REPUBLIKA.CO.ID, JAKARTA -- Dalam membina rumah tangga, pasangan suami-istri akan teruji dalam merawat cinta kasih satu sama lain. Bagi umat Islam, Rasulullah SAW merupakan contoh teladan utama tentang bagaimana seharusnya menjalani peran suami. Berikut ini dijelaskan sekilas tentang kisah beliau bersama istrinya, 'Aisyah binti Abu Bakar.
Suatu malam, Rasulullah berjalan pulang ke rumah dari masjid. Sesampainya di rumah, ‘Aisyah RA rupanya sedang tertidur lelap. Beliau lantas berupaya agar istrinya itu tidak tersentak bangun. Dengan perlahan-lahan, Rasulullah SAW membuka pintu rumah, sehingga membiarkan istrinya beristirahat. Nabi SAW bahkan memutuskan untuk tidur di luar kamar.
Rasulullah SAW juga tidak banyak protes terhadap istrinya. Sebuah riwayat menceritakan dari 'Aisyah, suatu hari masakan ‘Aisyah RA rasanya terlalu asin. Namun, Rasulullah SAW tetap menyanjung makanan itu tanpa berkomentar apa pun. Sajian tersebut juga habis dilahapnya. Belakangan, ‘Aisyah mencicipi masakannya sendiri dan sadar akan rasa yang terlampau asing. Begitulah sopannya Rasulullah SAW, tidak pernah satu kali pun mencela istrinya.
Sebagai istri, wajar bila kecemburuan datang ketika suami menyebut-nyebut nama perempuan lain. ‘Aisyah RA pernah suatu ketika terbakar api cemburu karena merasa dirinya dibanding-bandingkan dengan Khadijah RA, istri pertama Rasulullah SAW.
Di sinilah peran Rasulullah SAW membimbing istrinya itu agar rasa cemburu tidak meningkat ke emosi yang tak perlu. Sanjungan terhadap Khadijah RA tidak berarti menafikan peran satu istrinya kini, ‘Aisyah. Rasulullah SAW sebagai seorang suami mampu mengubah kecemburuan istrinya menjadi cinta kasih.

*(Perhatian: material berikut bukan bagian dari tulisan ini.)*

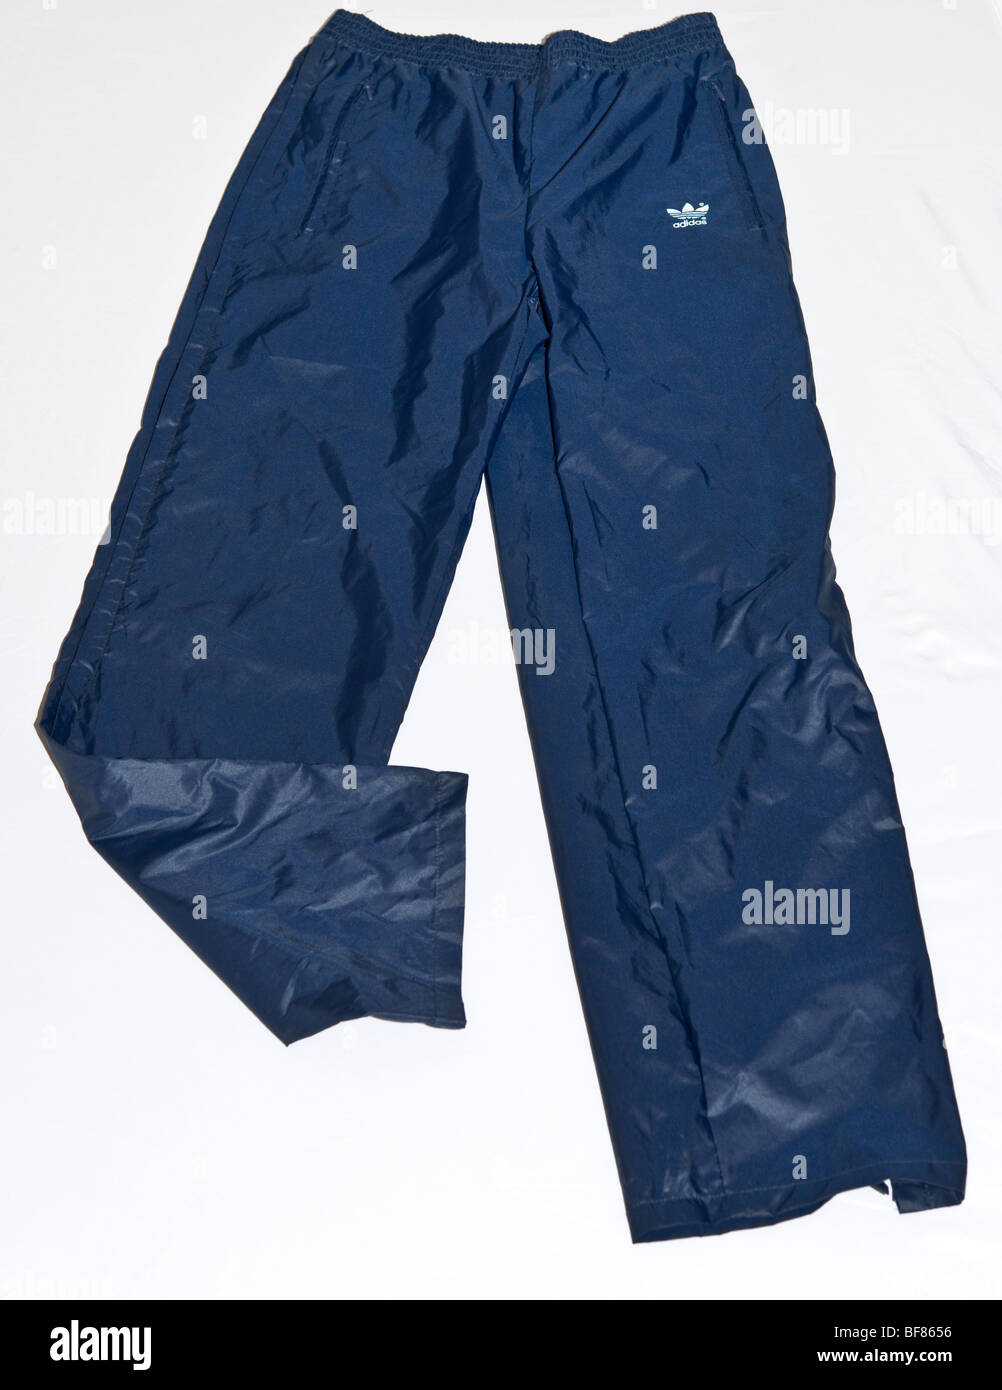 Adidas waterproof nylon tracskuit trousers bottoms. Adidas Trefoil logo.  Sportswear branded menswear clothing Stock Photo - Alamy

‘Aisyah RA merupakan wanita cerdas dan beruntung. Kebersamaan dengan Rasulullah SAW merupakan upaya belajar sepanjang hayat. Saat salah seorang sahabat bertanya, seperti apakah akhlak Rasulullah SAW. ‘Aisyah menyebutkan bahwa Rasulullah SAW adalah Alquran “berjalan”. Maknanya, kehidupan Nabi Muhammad SAW selalu sesuai dengan perintah Alquran.